Now if its SNOWING really hard, and its nighttime, I'll leave it on between lots. With my plow, the plow lights are real close together and I've seen others like this and thought that it was just a narrow jeep or small car, when BAM all of a sudden its some hot shot out there with his 9' Fisher in the straight position! :realmad: If he were to have a becon, I'd instantly be cautious of what was approaching me.

I feel that if your WIDER than 96" going down the road, you better have some type of strobe or becon to make people take a second look.

As for the strobe hideaways in the headlights....I can see the cops point if your driving around with them on. Strobes are annoying as hell to begin with, and if I were a Cop driving around and saw someones "SHOW TRUCK" out there with strobes a flashing while simply driving down the road, It'd probably get my attention.


----------



## GesnerLawn (Nov 30, 2002)

Jbutch83 - It looks like you have have the General Statute relating to snow removal vehicles. Looks like the law makers are leaving it to the DOT. You will need to check the DOT regulations to see how they implemented the statute.


----------



## CPSS (Mar 15, 2002)

Due to the wording of the NY state law, I think anyone that was plowing and did NOT have a flashing amber light would be opening himself to liability it there was an accident. I'm amazed around here to see some guy backing out on to a busy street, at night, without any warning lights. I agree that clear hide-a-way strobes are illegal in NY, and probably many other states. Why not just use amber as required?


----------



## KLMlawn (Apr 18, 2001)

I also believe that in NY, you need to carry a certification card for anything other than a yellow light if it is on a un-official vehicle.
Basically the short version for NY is:
Red - Law enforcement and Fire vehicles
Blue - Fire responder (usually personal vehicles)
Green - Medical/Ambulance
Yellow - anything else ...

If you want to get really into technicality ... there are other reg.'s governing the positioning of certain colored lights on non-official vehicles ... for example ... ALL vehicles are required to have RED lights facing rearward to indicate stopping, but they cannot be mounted forward of the windshield or be seen from the front of the vehicle.
Which brings me to an off topic observation ... what can we do to stop the "Trix" shops and auto stores from selling those colored turn and marker bulbs ... many of which are "red, blue, and green" and are facing forward, can be seen from a forward direction and could be mistaken by the unsuspecting motorist to be an emergency vehicle if the individual had his flashers on ...


----------



## ceaman (Sep 19, 2001)

Here was what I found as of now.

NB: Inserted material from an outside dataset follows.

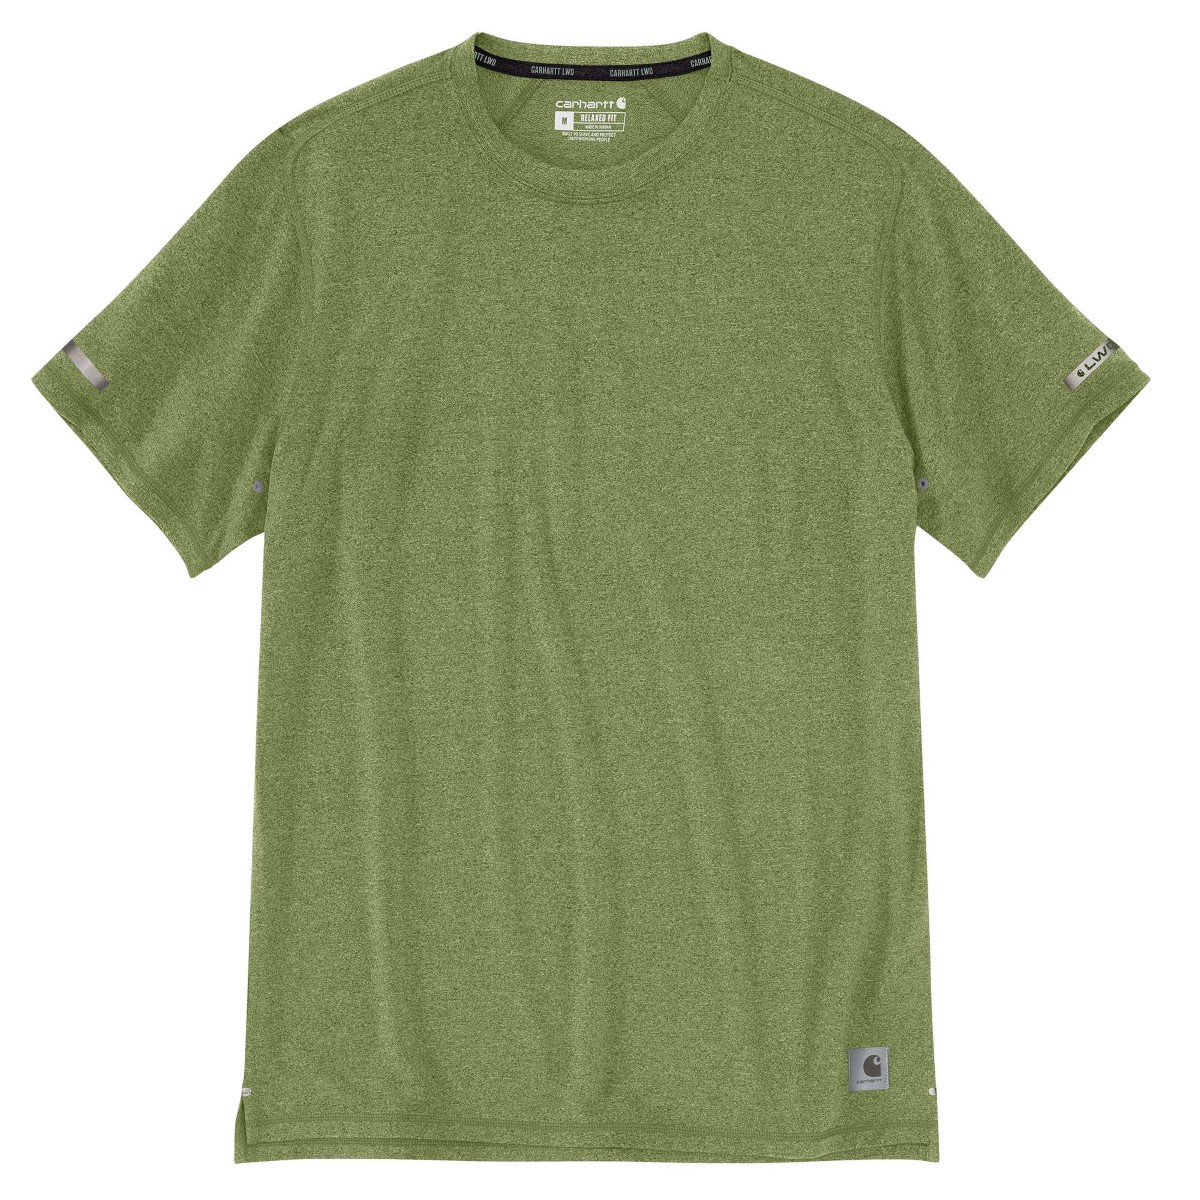 Carhartt Men's 105858 Carhartt Lwd Relaxed Fit Short-Sleeve T-Shirt, Extended Sizes

I am trying to contact the DOT attorney to find the rest of the story on the DOT specifications.

IC 9-19-6-19 
Flashing warning lights
Sec. 19. (a) A vehicle may be equipped with lamps that may be used for the purpose of warning the operators of other vehicles of the presence of a vehicular traffic hazard requiring the exercise of unusual care in approaching, overtaking, or passing. The vehicles, when so equipped, may display the warning in addition to any other warning signals required by this article.
(b) A lamp used to display a warning to the front must be mounted at the same level and as widely spaced laterally as practicable, and must display simultaneously flashing white or amber lights or any shade of color between white and amber.
(c) A lamp used to display a warning to the rear must be mounted at the same level and as widely spaced laterally as practicable, and must show simultaneously flashing amber or red lights or any shade of color between red and amber.
(d) A warning light must be visible from a distance of not less than five hundred (500) feet under normal atmospheric conditions at night.
As added by P.L.2-1991, SEC.7.

IC 9-19-6-23 
Standards and specifications
Sec. 23. (a) The Indiana department of transportation shall adopt standards and specifications applicable to:
(1) head lamps;
(2) clearance lamps;
(3) identification lamps; and
(4) other lamps;
on snow removal equipment when operated on Indiana highways instead of the lamps otherwise required on motor vehicles by this chapter.
(b) The standards and specifications adopted under subsection (a) may permit the use of flashing lights for purposes of identification on snow removal equipment when in service upon the highways.
(c) The standards and specifications for lamps referred to in this section must correlate with and, so far as possible, conform with those approved by the American Association of State Highway Officials.
(d) A person may not operate snow-removal equipment on a highway unless the lamps on the equipment comply with and are lighted when and as required by the standards and specifications adopted under this section.
As added by P.L.2-1991, SEC.7.


----------



## SCAPEASAURUSREX (Aug 21, 2001)

Well In NY your not allowed to use amber strobes at all !! unless you work for the state ... Go figure that one.. I would think that would open the state up for liability since they are not allowing plow operators in inclement situations to warn others of their precence... ???


----------



## SCAPEASAURUSREX (Aug 21, 2001)

*NJ NJ NJ NJ NJ NJ*

Sorry , That was supposed to be NJ not NY...


----------



## OffRoadPlow (Dec 30, 2002)

*Michigan*

Reads somthing like:

(f) A vehicle to perform public utility service, a vehicle owned or leased by and licensed as a business for use in the collection and hauling of refuse, an automobile service car or wrecker, a vehicle engaged in authorized highway repair or maintenance, a vehicle of a peace officer, a vehicle operated by a rural letter carrier or a person under contract to deliver newspapers or other publications by motor route, *a vehicle utilized for snow removal*, a private security guard vehicle as authorized in subsection (7),...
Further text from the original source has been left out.